**EXERCISE DIRECTIONS**
Wherever a line of the data contains "velocity", copy that line.

┌─ LISTED ENTRIES

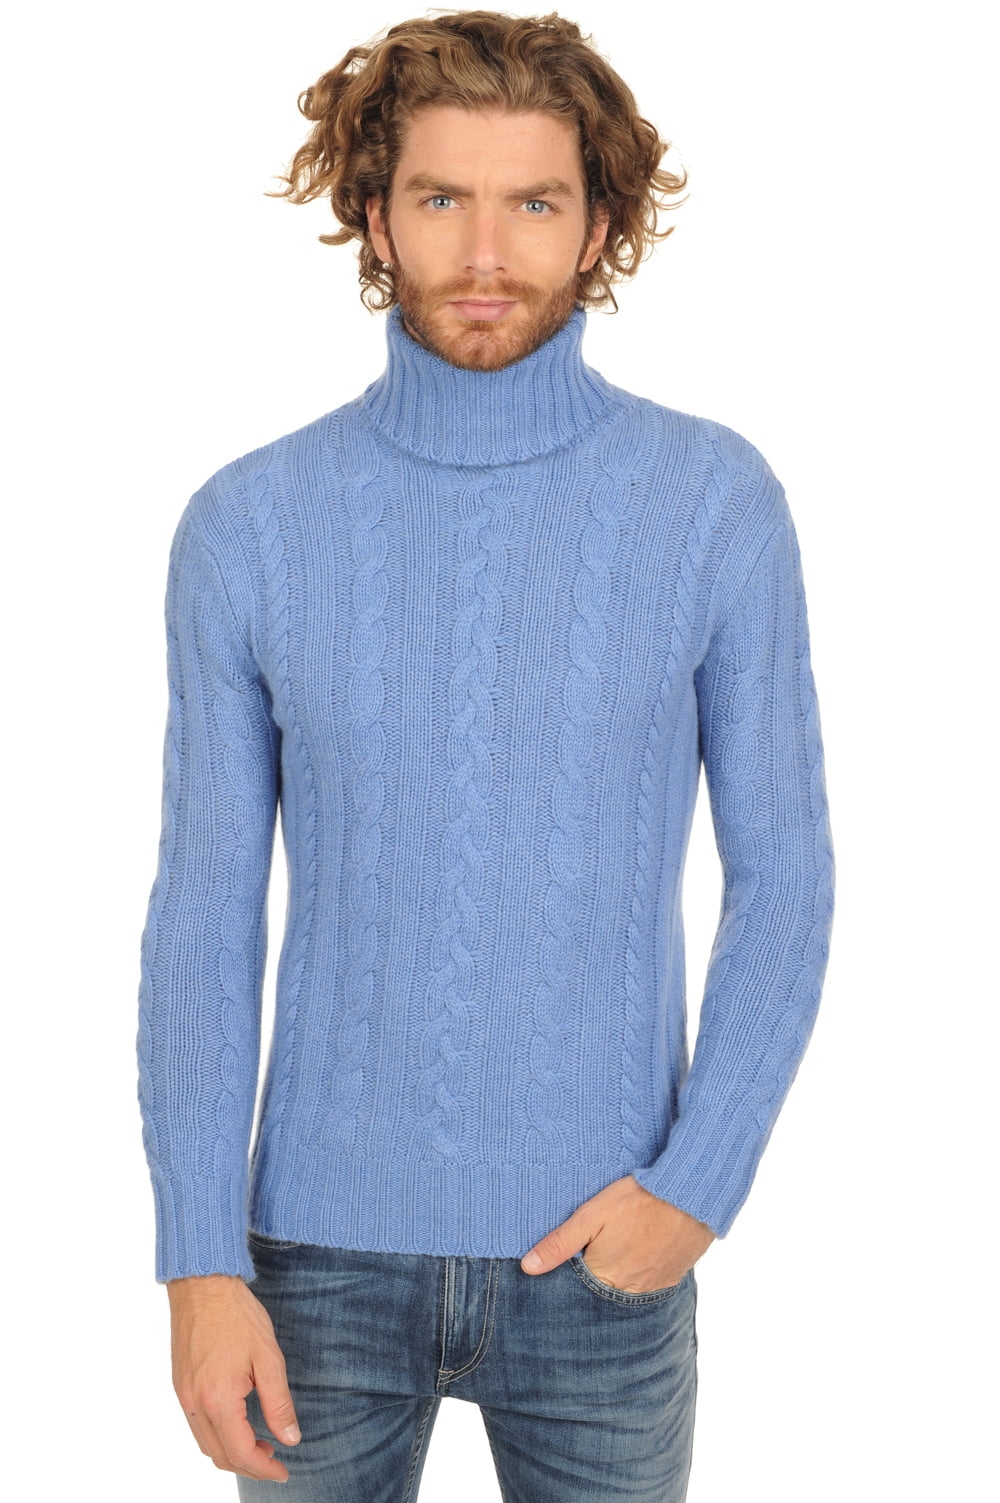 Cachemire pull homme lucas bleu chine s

└─
┌─ LISTED ENTRIES

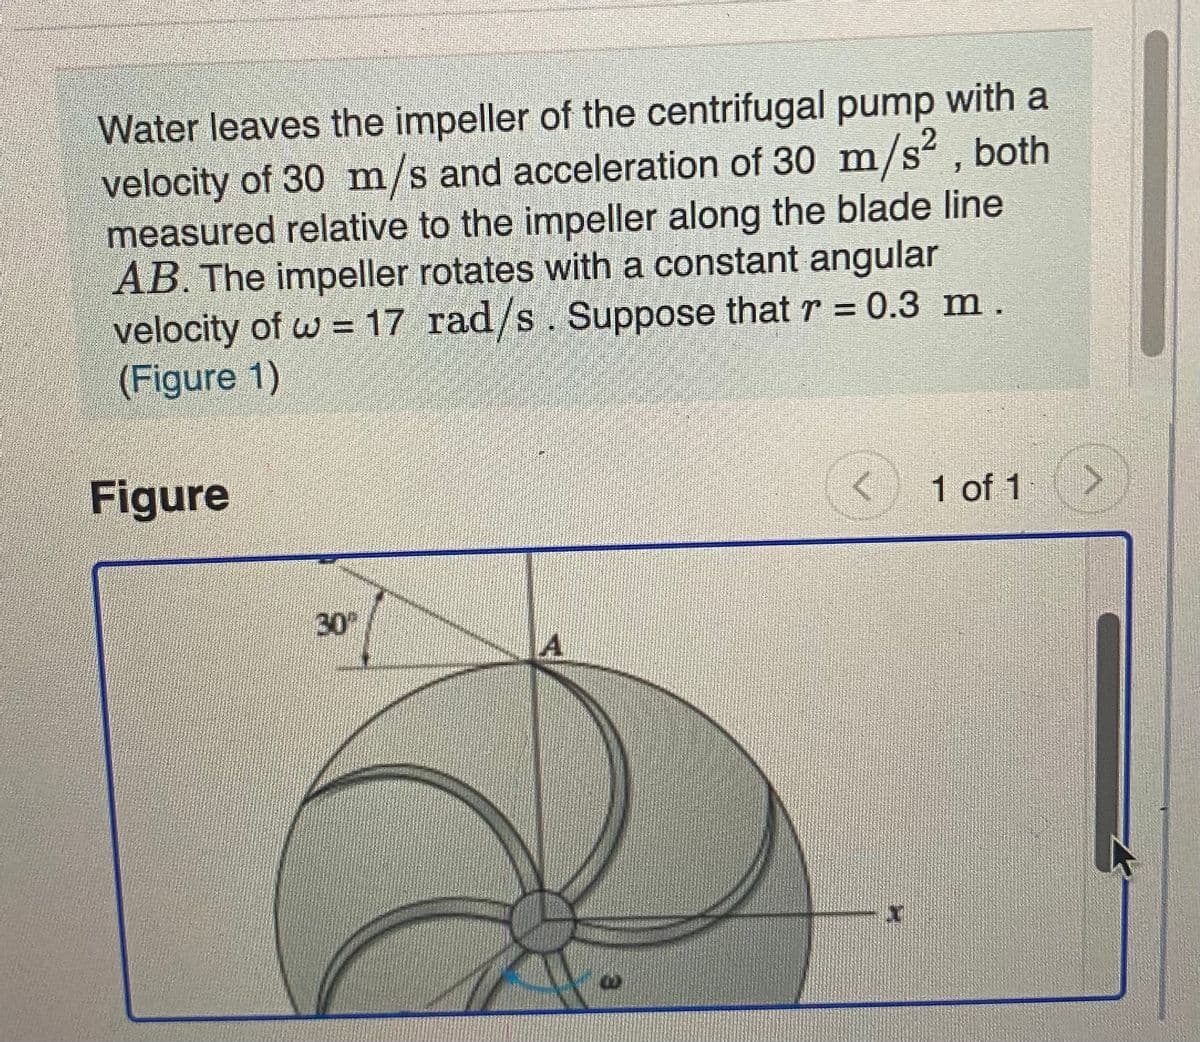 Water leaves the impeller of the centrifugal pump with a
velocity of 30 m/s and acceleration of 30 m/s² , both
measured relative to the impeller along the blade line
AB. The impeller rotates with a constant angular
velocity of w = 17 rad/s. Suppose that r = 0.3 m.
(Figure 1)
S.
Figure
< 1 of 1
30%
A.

└─
┌─ LISTED ENTRIES

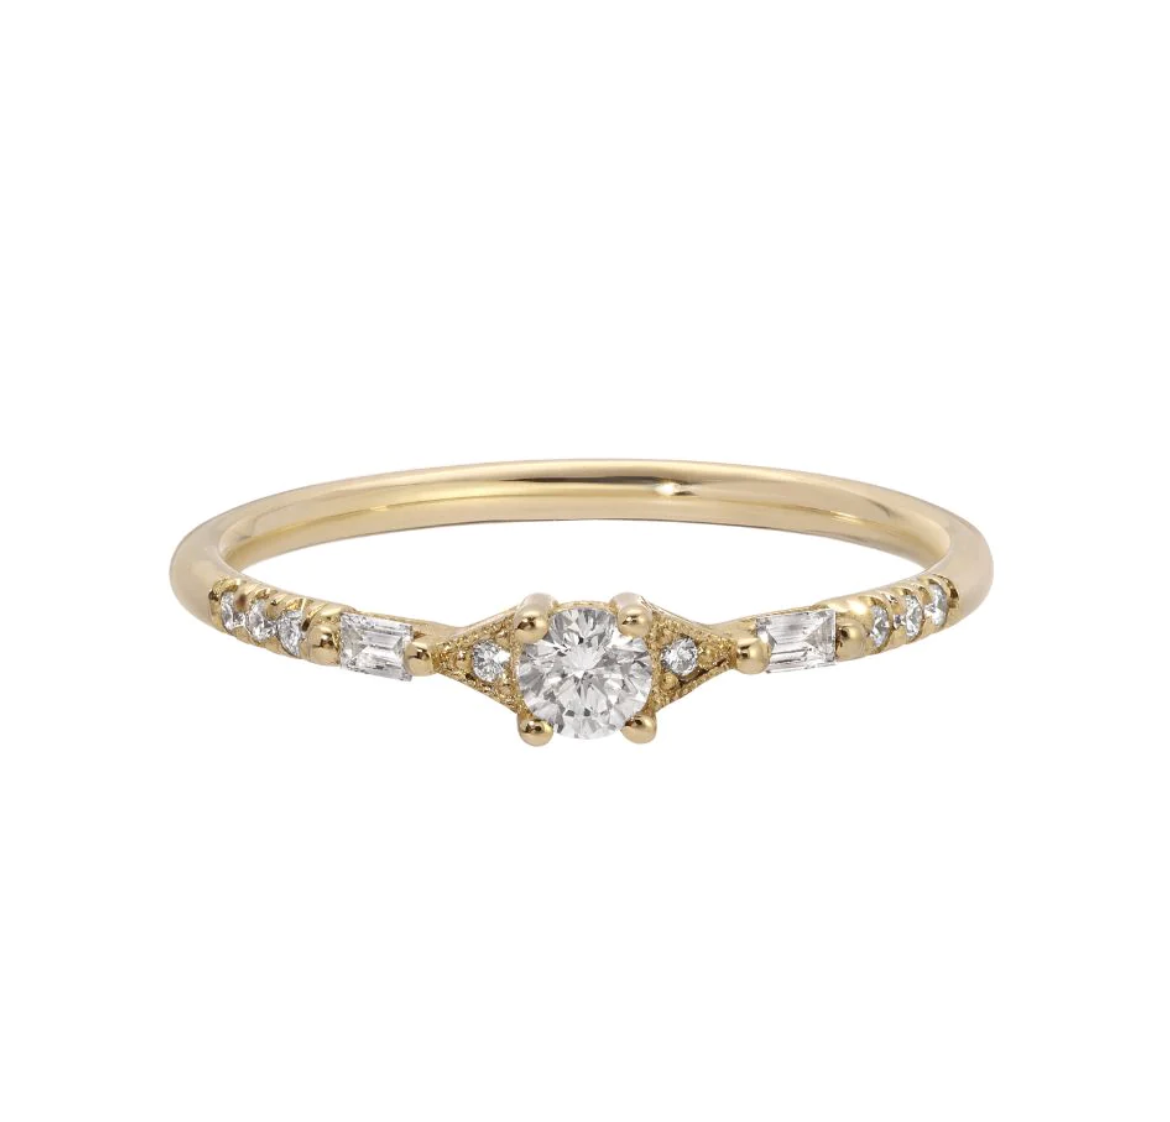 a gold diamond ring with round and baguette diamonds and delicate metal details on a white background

└─

**SOLUTION**
velocity of 30 m/s and acceleration of 30 m/s² , both
velocity of w = 17 rad/s. Suppose that r = 0.3 m.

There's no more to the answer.